**RECORDED INFORMATION**

====

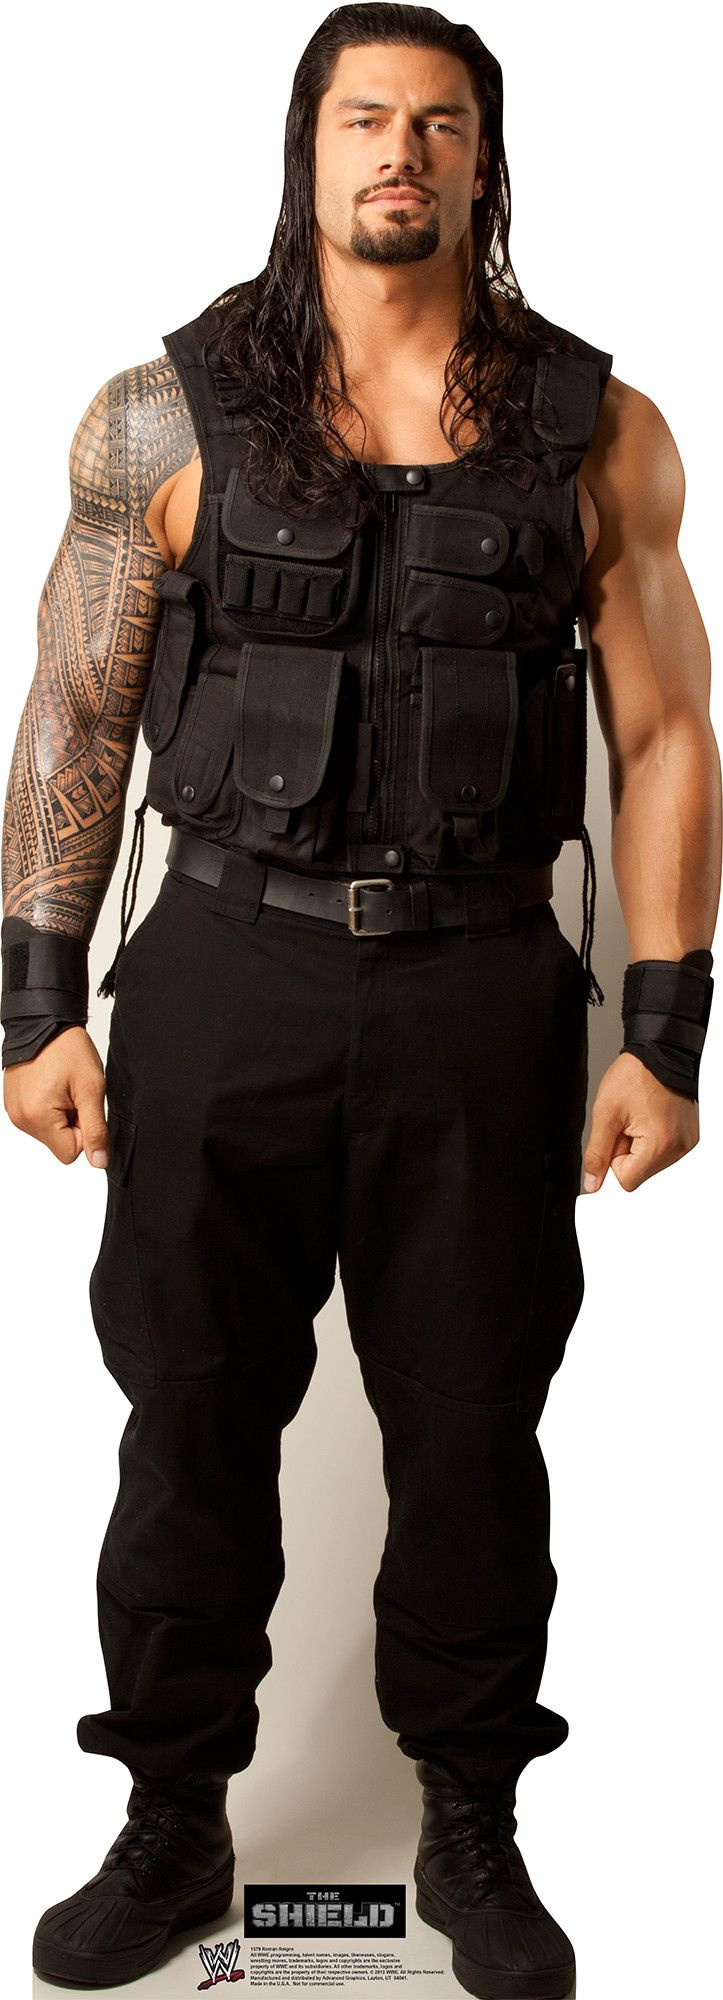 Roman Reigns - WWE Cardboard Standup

====

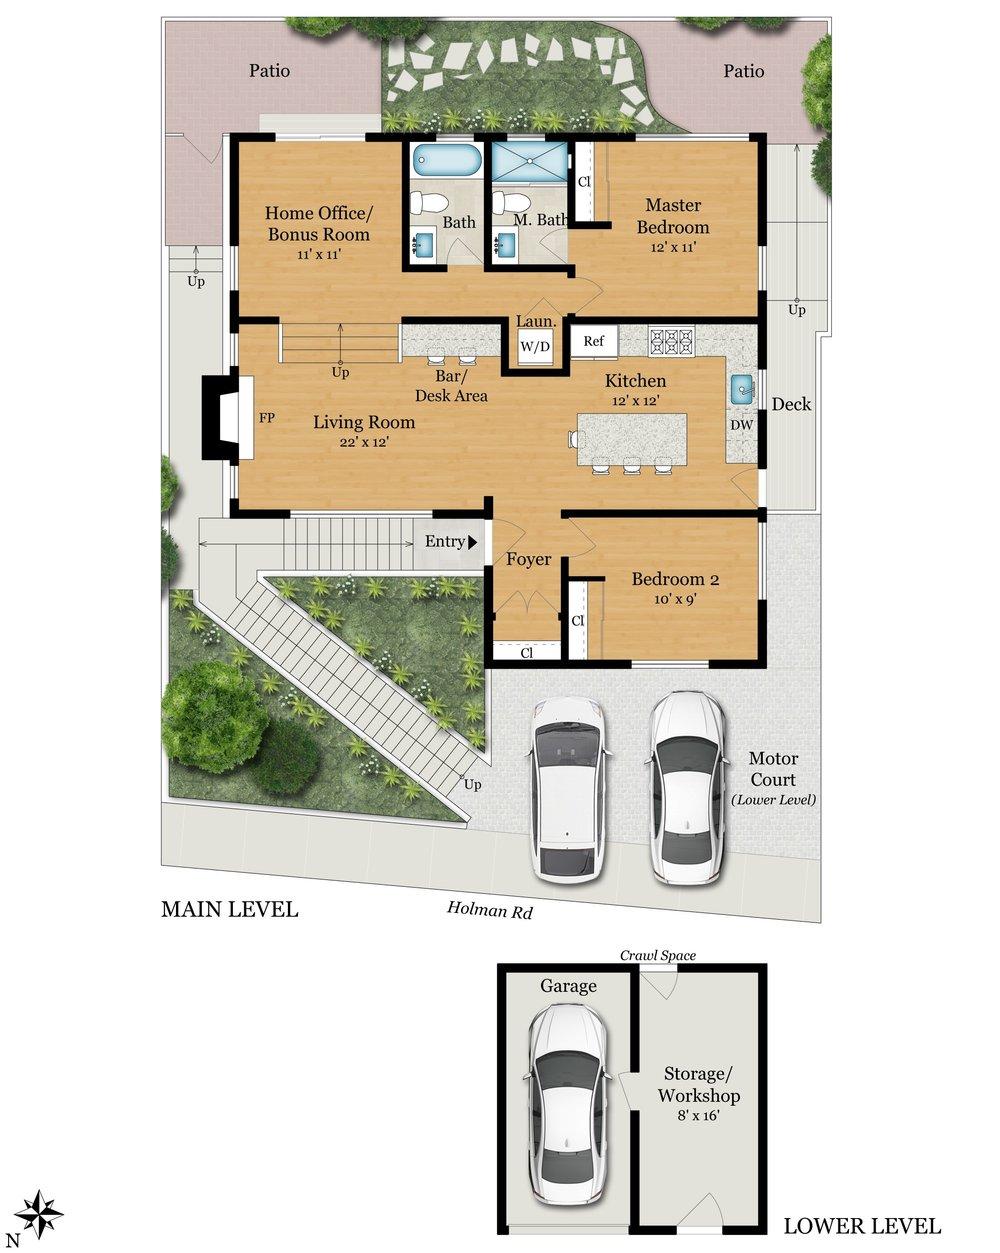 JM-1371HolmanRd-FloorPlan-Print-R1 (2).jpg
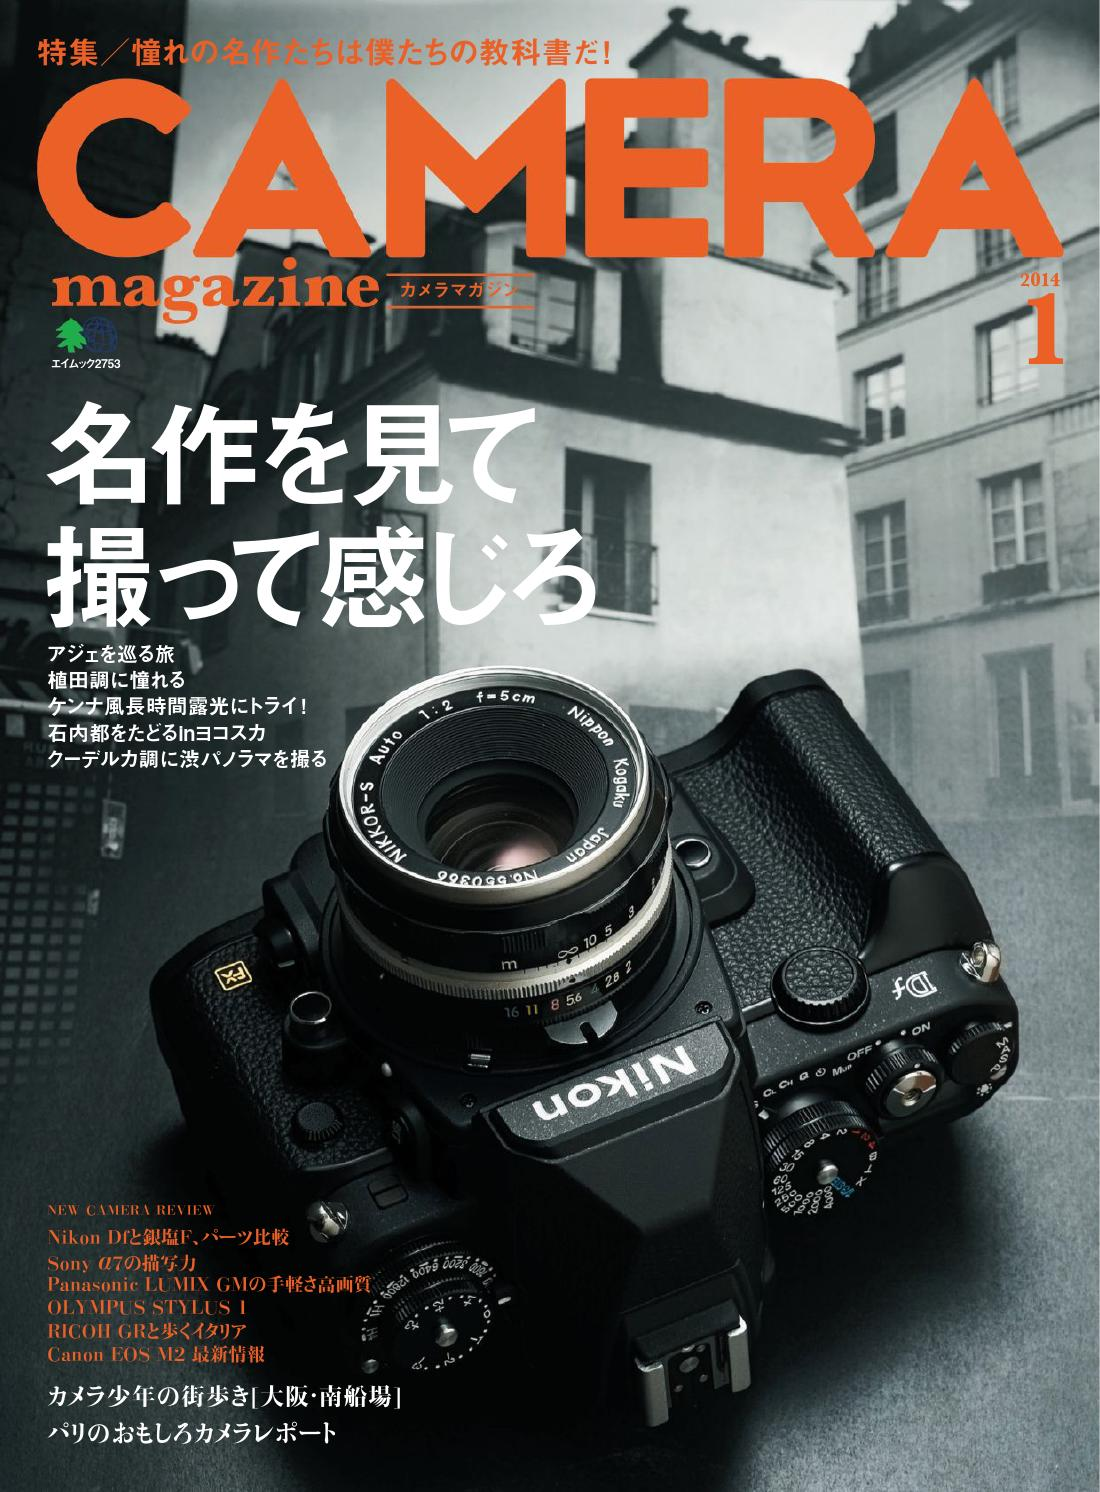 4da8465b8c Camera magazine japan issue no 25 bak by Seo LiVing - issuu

====

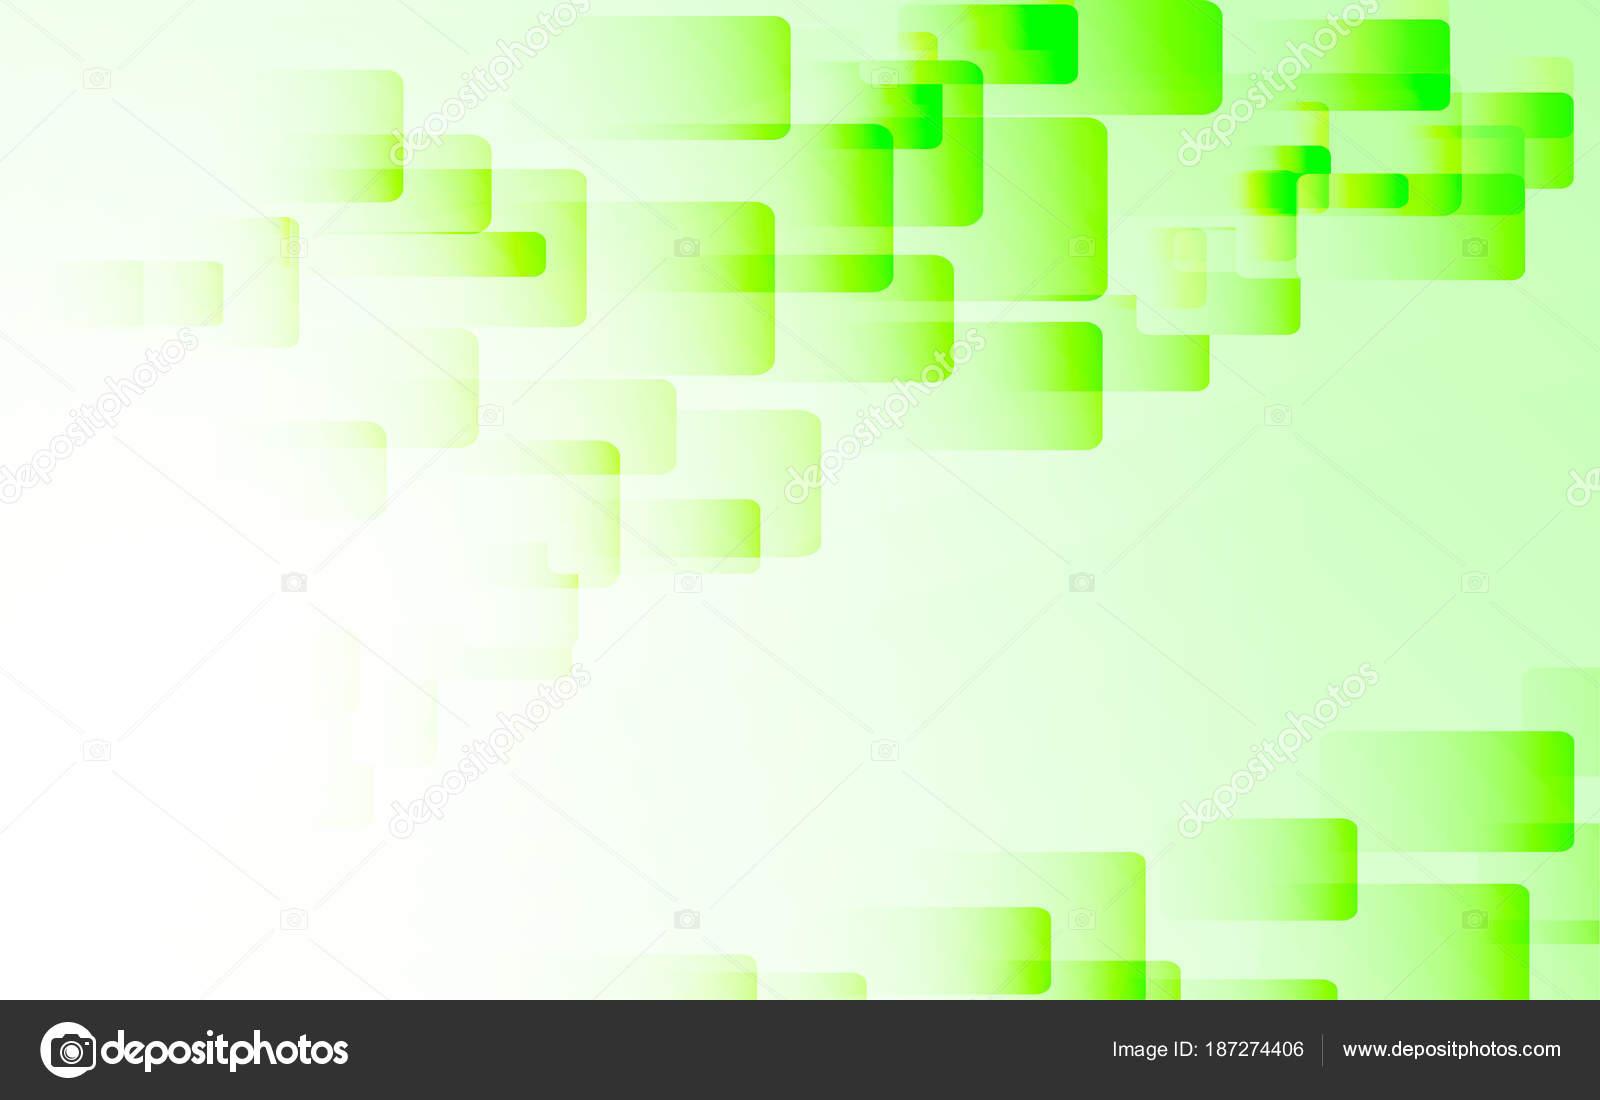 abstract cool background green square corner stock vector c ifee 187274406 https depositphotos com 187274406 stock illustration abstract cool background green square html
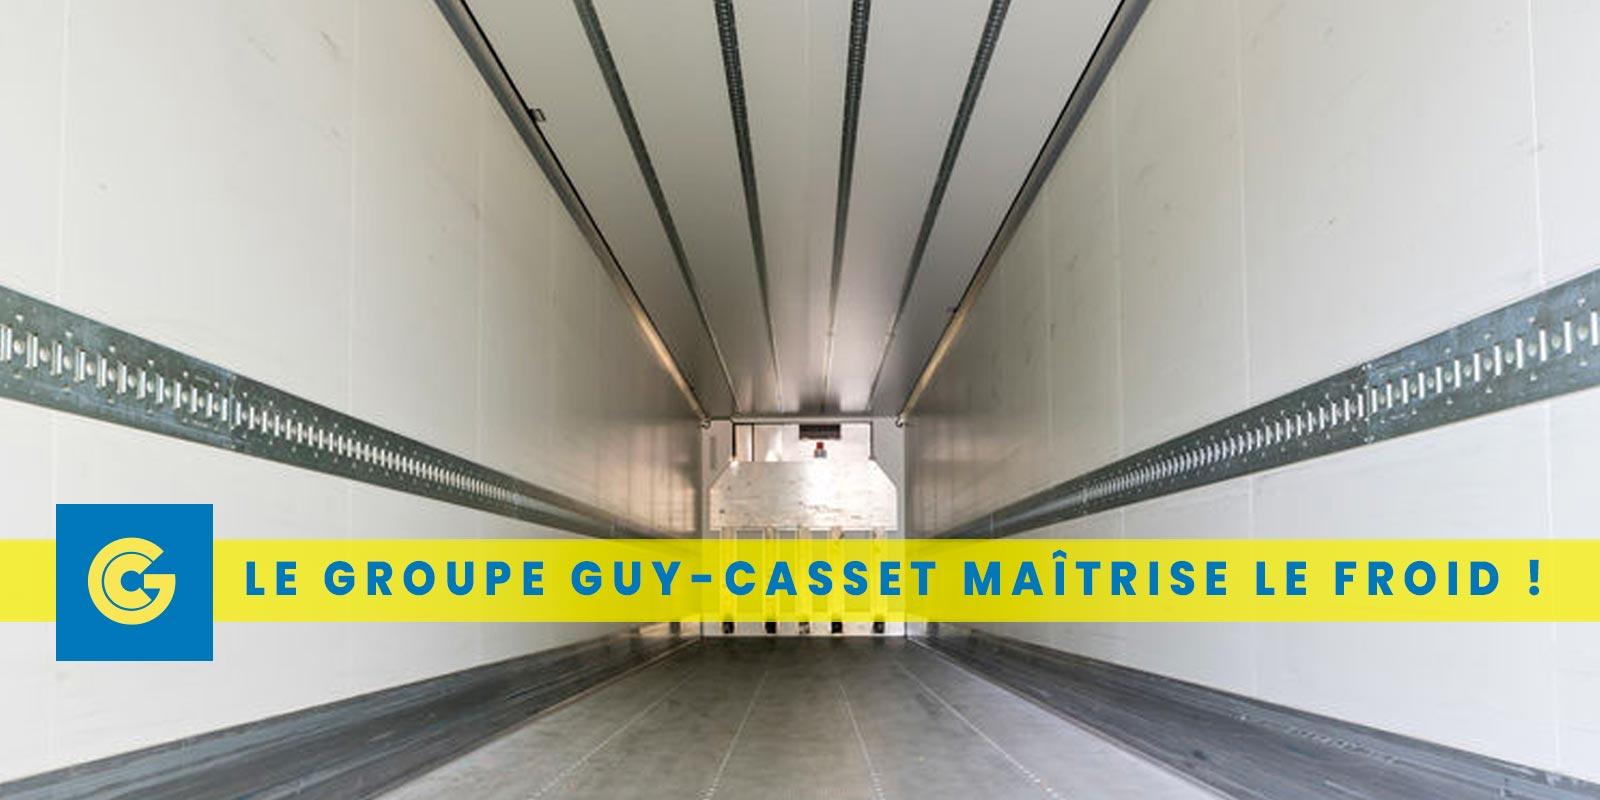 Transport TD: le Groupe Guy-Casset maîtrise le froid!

====

**TASK TO CARRY OUT**
Write out the lines above from the one with "JM-1371HolmanRd-FloorPlan-Print-R1 (2).jpg" through the one with "4da8465b8c Camera magazine", ends included, exactly; no picture goes in.

**TASK ANSWER**
 JM-1371HolmanRd-FloorPlan-Print-R1 (2).jpg
 4da8465b8c Camera magazine japan issue no 25 bak by Seo LiVing - issuu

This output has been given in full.